*** DATA EXCERPT Section Begins ***

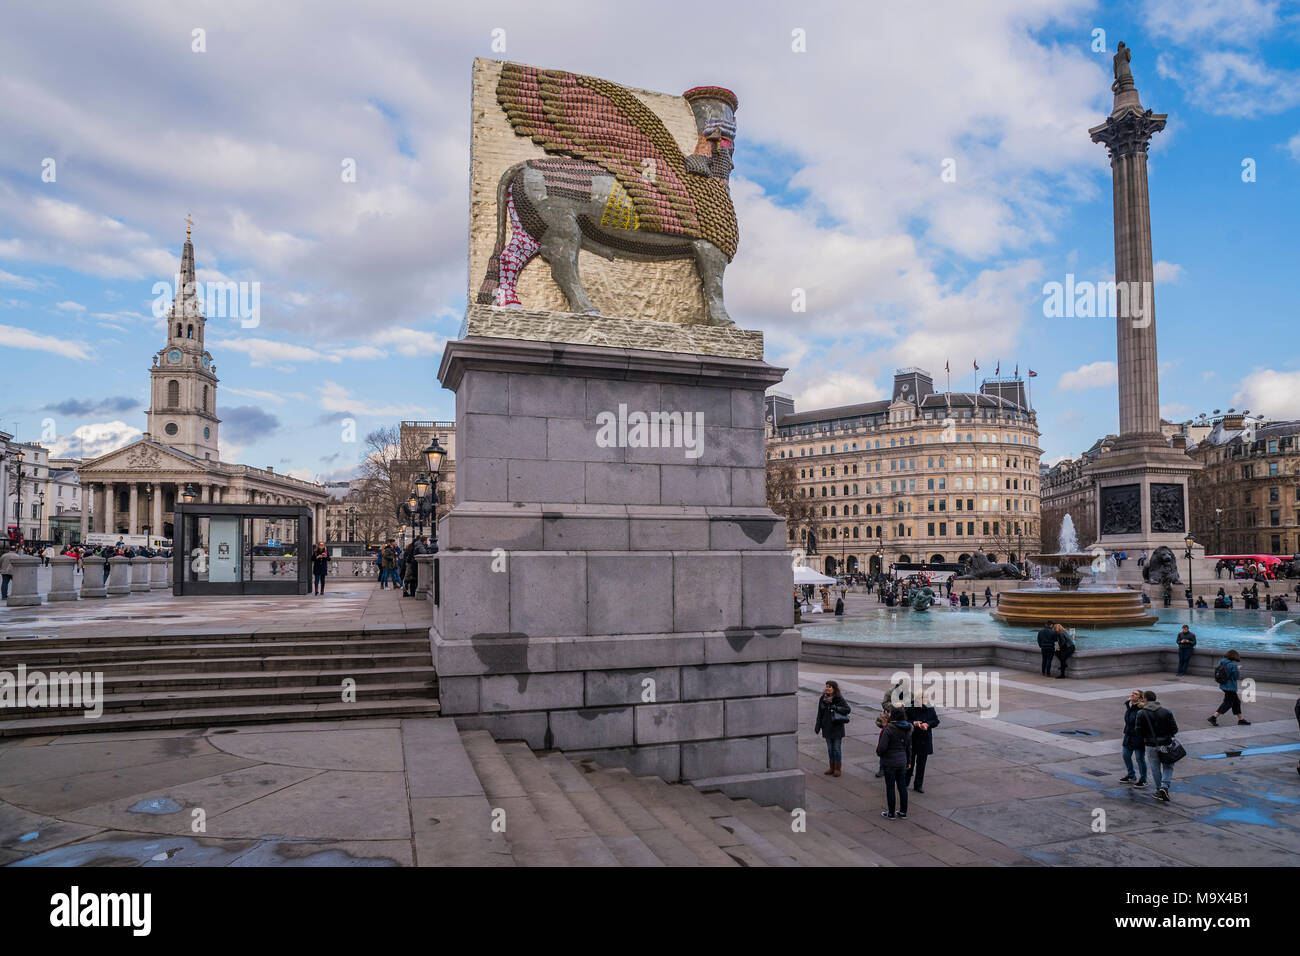 Londres, Reino Unido. 28 de marzo de 2018. El enemigo invisible, no debería  existir, la obra de arte más reciente para el cuarto plinto de Trafalgar  Square, del artista Michael Rakowitz. Está
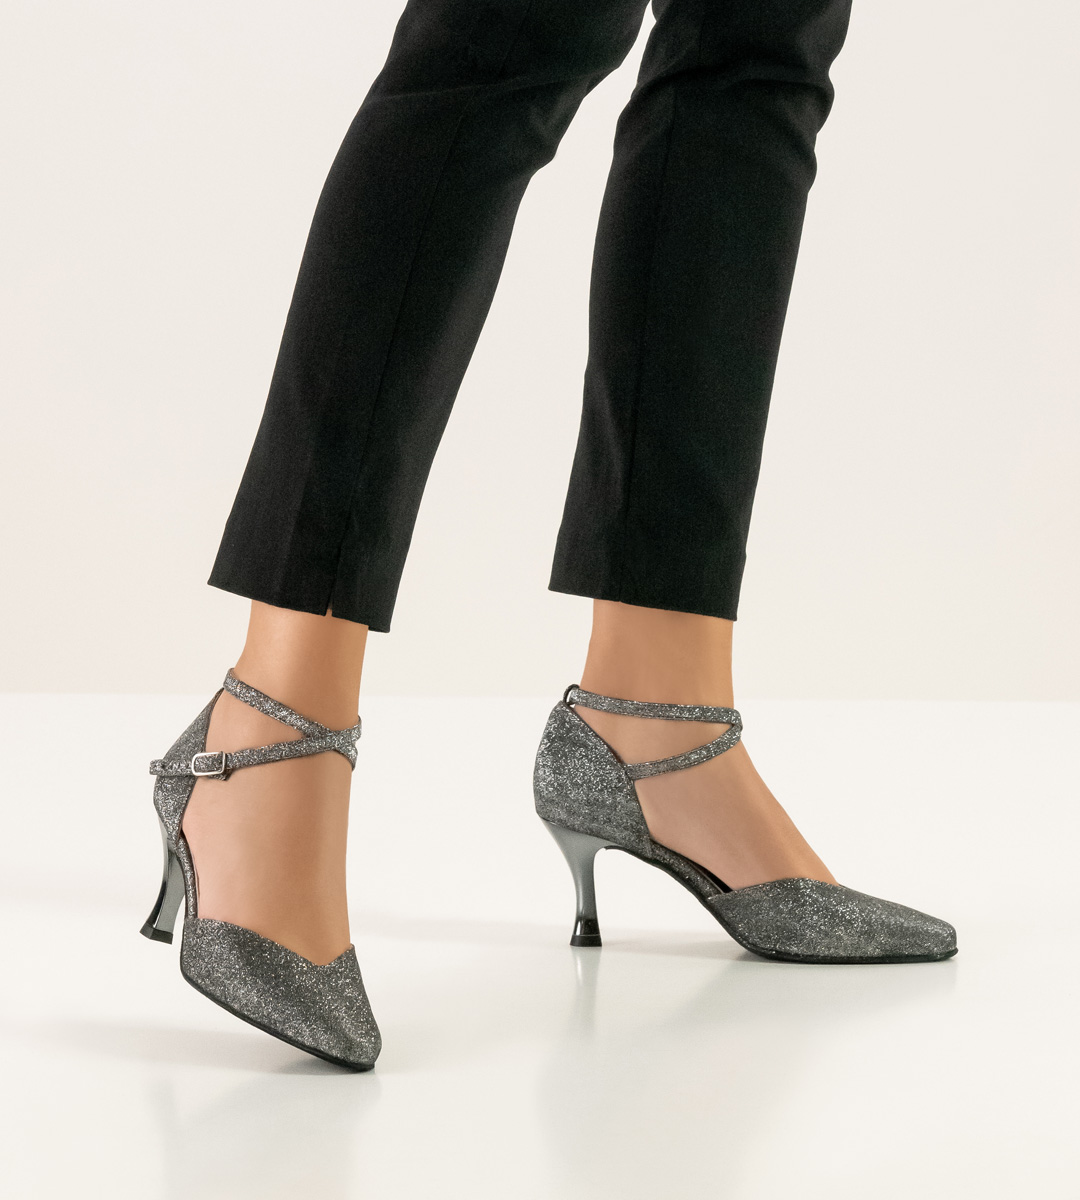 Werner Kern ladies' dance shoe with metallic heel
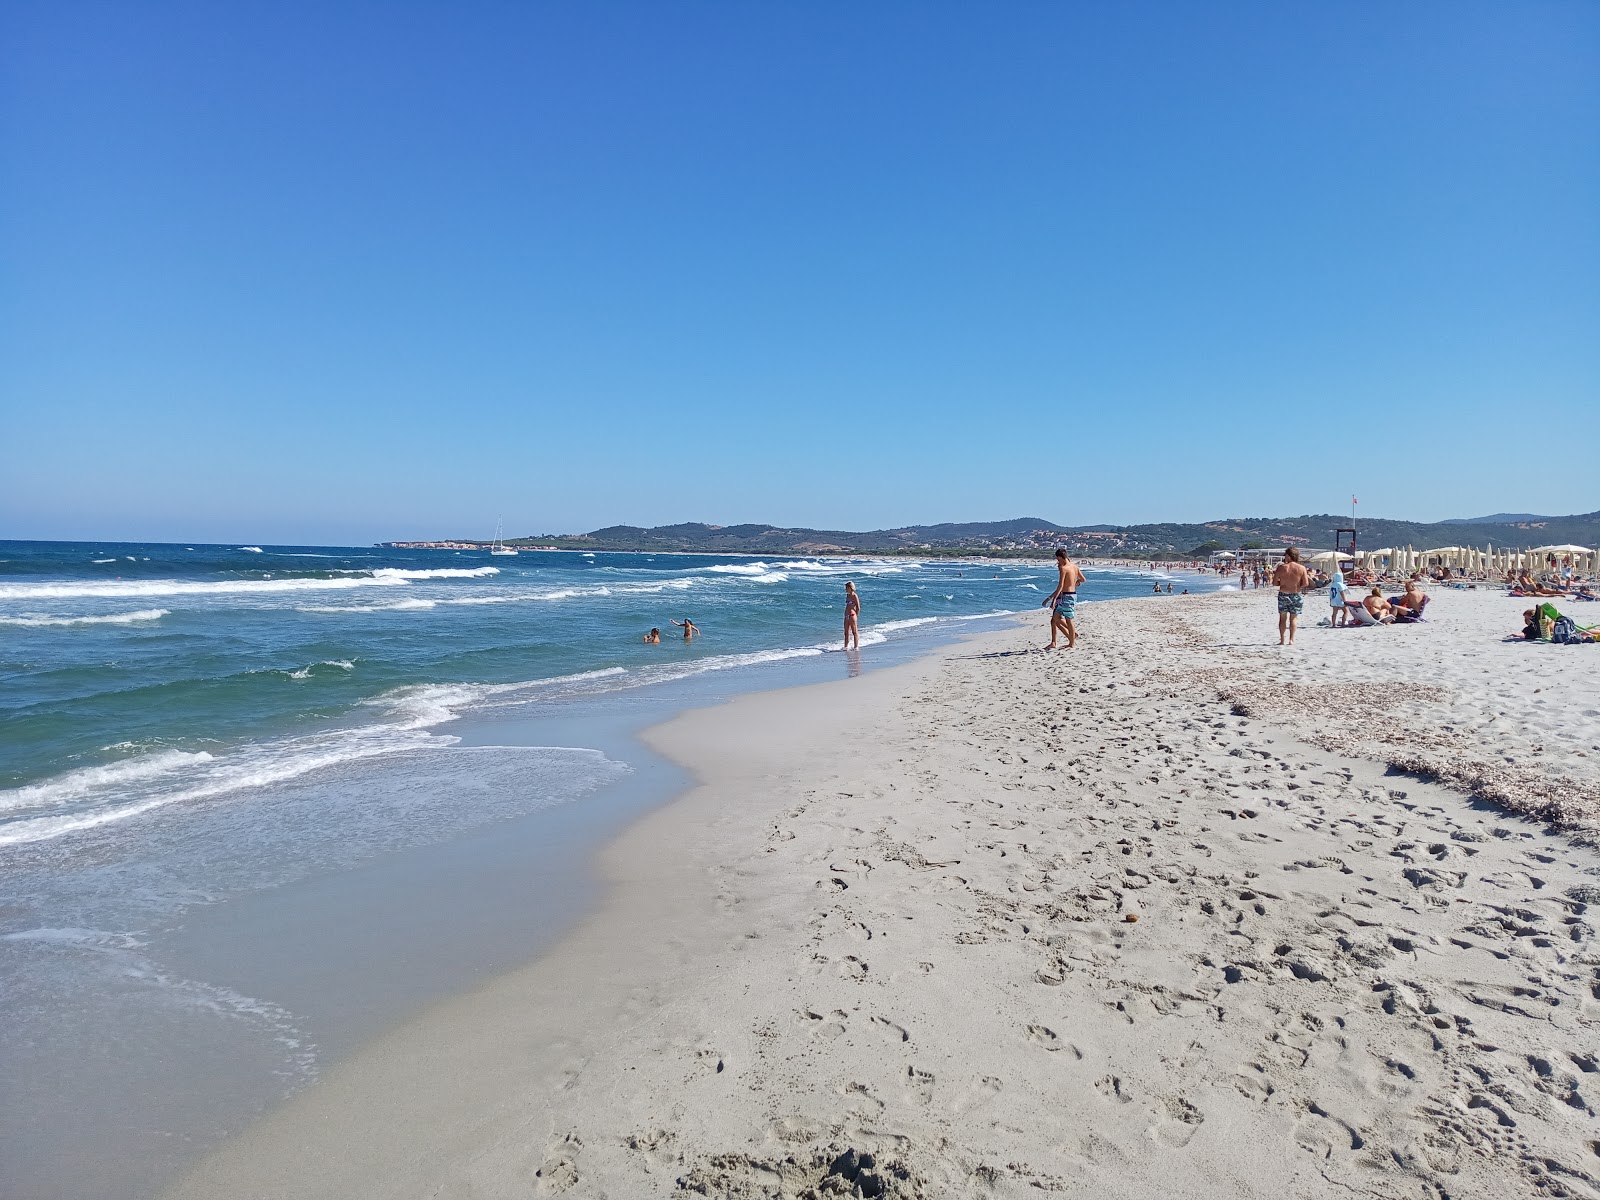 Capo Comino Plajı'in fotoğrafı parlak ince kum yüzey ile

*** DATA EXCERPT Section Ends ***

WORK REQUIRED → Could you give the listing again exactly, minus its pictures?

WRITTEN RESPONSE →
 Londres, Reino Unido. 28 de marzo de 2018. El enemigo invisible, no debería  existir, la obra de arte más reciente para el cuarto plinto de Trafalgar  Square, del artista Michael Rakowitz. Está
 Werner Kern ladies' dance shoe with metallic heel
 Capo Comino Plajı'in fotoğrafı parlak ince kum yüzey ile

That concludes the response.